October 22, 2021 update on live performances and events at the NAC.
 | Koen Broos

Antony Gormley

Having briefly studied contemporary dance at Cambridge as an extra-curricular activity, Antony Gormley has taken an active interest in the choreographic worlds of Merce Cunningham, Trisha Brown, Lucinda Childs, Pina Bausch, Bill Forsythe, Siobhan Davies and Michael Clarke. The inspiration of pure dance, with the body released as an expressive subject in its own right, detached from concerns with narrative, has been an inspiration for thirty years. He is less interested in the courtly disciplines of traditional ballet and more in the evolution begun by Martha Graham in which the body and its relationship to the floor and gravity opened up new expressive potentials for the language of the body in motion. 

While spending a great deal of time trying to make material equivalents to what it feels like to inhabit a body, Antony Gormley has always had great interest in watching other bodies in dance. He considers the dancer’s life the most generous and demanding of any profession using life itself as the primary medium of communication. 

Antony Gormley is widely acclaimed for his sculptures, installations and public artworks that investigate the relationship of the human body to space. His work has developed the potential opened up by sculpture since the 1960s through a critical engagement with both his own body and those of others in a way that confronts fundamental questions of where human beings stand in relation to nature and the cosmos. Gormley continually tries to identify the space of art as a place of becoming in which new behaviours, thoughts and feelings can arise. 

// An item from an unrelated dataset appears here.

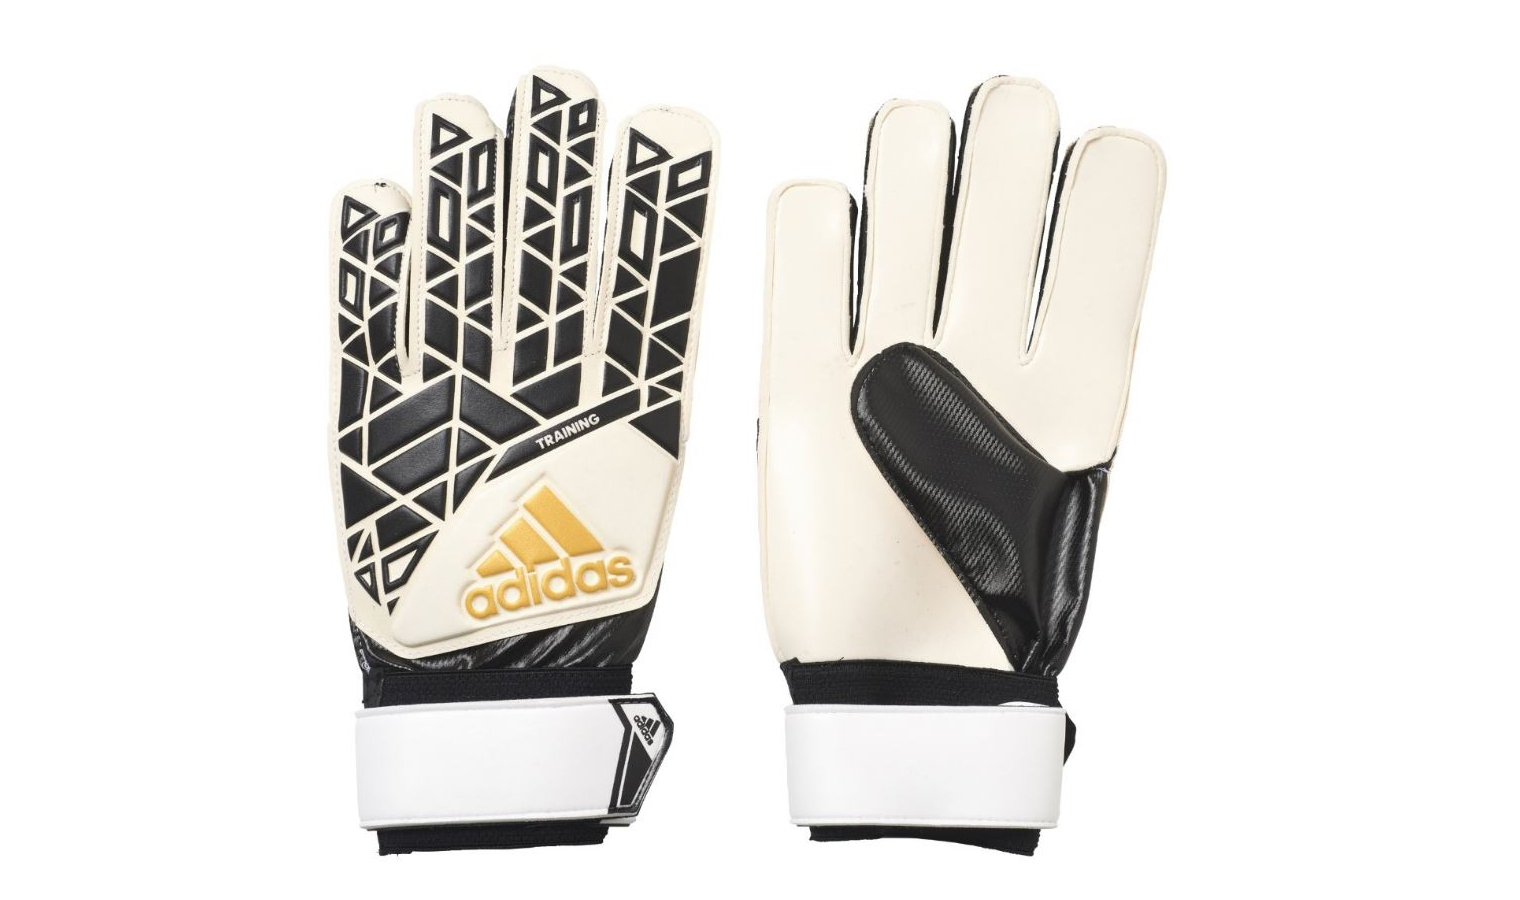 a22032232 Brankárske rukavice adidas ACE TRAINING biele / čierne | AD Sport.sk

Gormley’s work has been widely exhibited throughout the UK and internationally. His work in dance includes the critically acclaimed collaborations with Akram Khan, Hofesh Shechter, Sidi Larbi Cherkaoui and Nitin Sawhney on zero degrees (2005, Sadler’s Wells) and again with Sidi Larbi Cherkaoui on Sutra (2008, Sadler’s Wells); Babel(words) (2010, Sadler’s Wells) for which he was given an Olivier Award for Outstanding Achievement in Dance for the design of the set (2011); Noetic (2014, Göteborg Opera) and on Icon (2016, Göteborg Opera).